HR-8692-119
Referred to the House Committee on Transportation and Infrastructure.
What it does
This bill would create a new competitive federal grant program — the Accelerating Innovative Mobility Grant Program — authorizing $100 million over two fiscal years (FY2027–2028) for transit agencies and their private partners to purchase and deploy autonomous buses (Level 3–5 automated driving systems). It would also expand several existing federal transit grant programs to explicitly allow funds to be used for autonomous vehicle software acquisition and licensing. Additionally, it would require the Department of Transportation to establish a separate testing facility specifically for autonomous bus models and create a formal pass/fail scoring system for bus safety testing.
Who benefits
Public transit agencies seeking to modernize fleets, particularly those already exploring autonomous vehicle technology. Rural transit systems, which are guaranteed at least 15% of program funds. Autonomous vehicle technology companies and software developers who would gain a new federal procurement market. Transit vehicle manufacturers who partner with agencies on autonomous deployments. Commuters and riders in areas where autonomous transit is deployed.

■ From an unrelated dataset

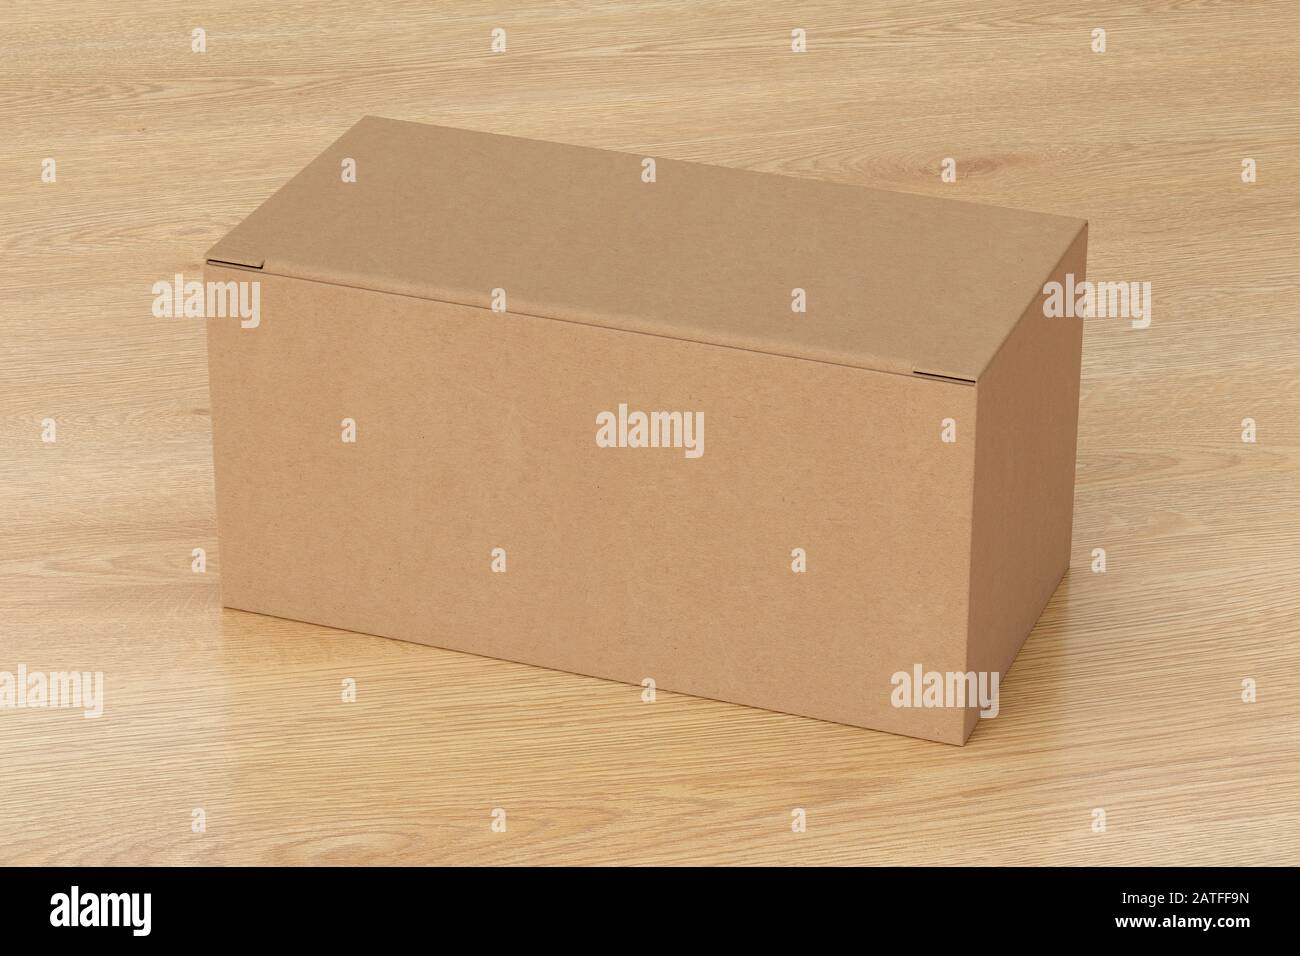 Boîte large en carton vierge avec couvercle rabattable fermé sur fond en bois. Chemin de détourage autour de la maquette de boîte Banque D'Images
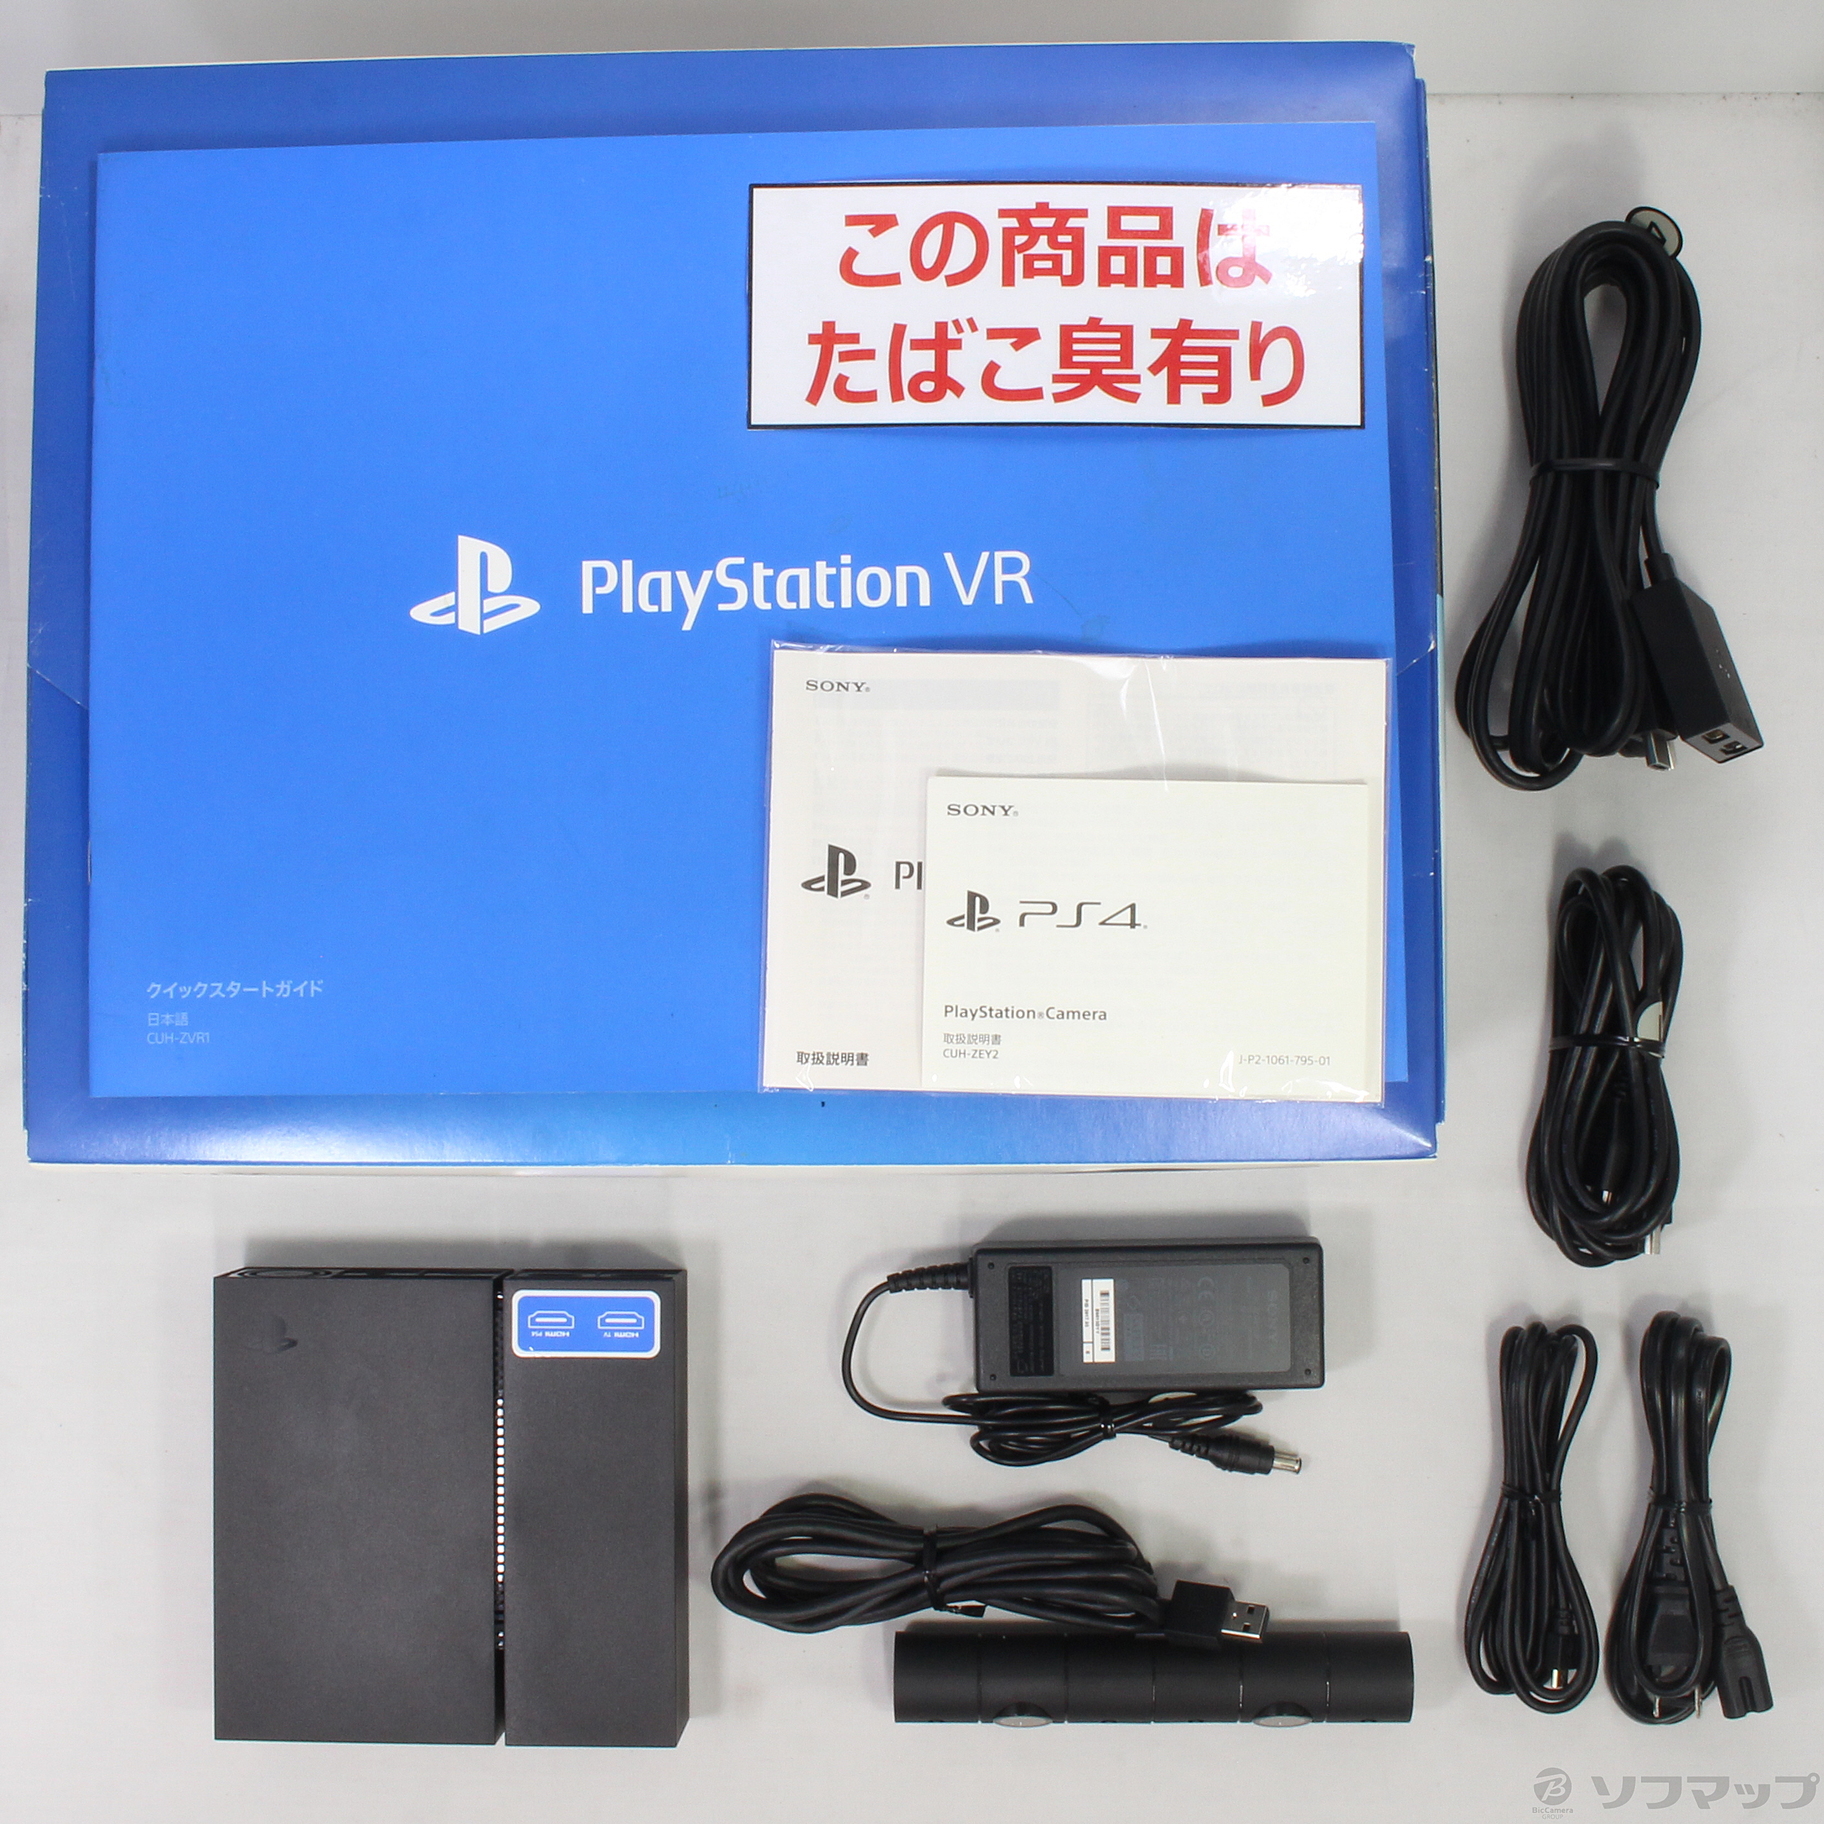 まささま用PSVR CUH-ZVR1 PlayStation Camera同梱

Private entities entering public-private partnerships with transit agencies. Researchers and testing facilities that would host or operate the new autonomous bus testing infrastructure.
Who is hurt
Transit bus drivers and operators whose jobs could be displaced or reduced as autonomous systems replace human drivers. Labor unions representing transit workers, who may face reduced bargaining leverage. Transit agencies in jurisdictions with restrictive state or local autonomous vehicle laws, who may be unable to use the funds. Taxpayers who bear the cost of the $100 million authorization. Competing transportation sectors (e.g., paratransit, ride-share) that do not receive equivalent federal support. Communities where autonomous bus technology underperforms or fails safety testing, potentially reducing service reliability.
Supporters argue
Supporters argue that autonomous transit technology can reduce operating costs, expand service to underserved rural areas, and improve safety by eliminating human error — which accounts for over 90% of traffic accidents according to NHTSA data. They contend that the bill's 15% rural set-aside directly addresses transit deserts where driver shortages already limit service, and that the new testing facility and pass/fail scoring system create rigorous safety guardrails before any public deployment of autonomous buses.
Opponents argue
Opponents argue that the bill accelerates the displacement of transit workers — a workforce that is disproportionately composed of workers of color and union members — without any workforce transition provisions or labor protections. They contend that autonomous bus technology at Levels 3–5 remains commercially immature for complex urban transit environments, citing limited real-world deployments, and that committing $100 million in federal funds to an unproven technology risks wasting public resources while undermining existing transit workforces.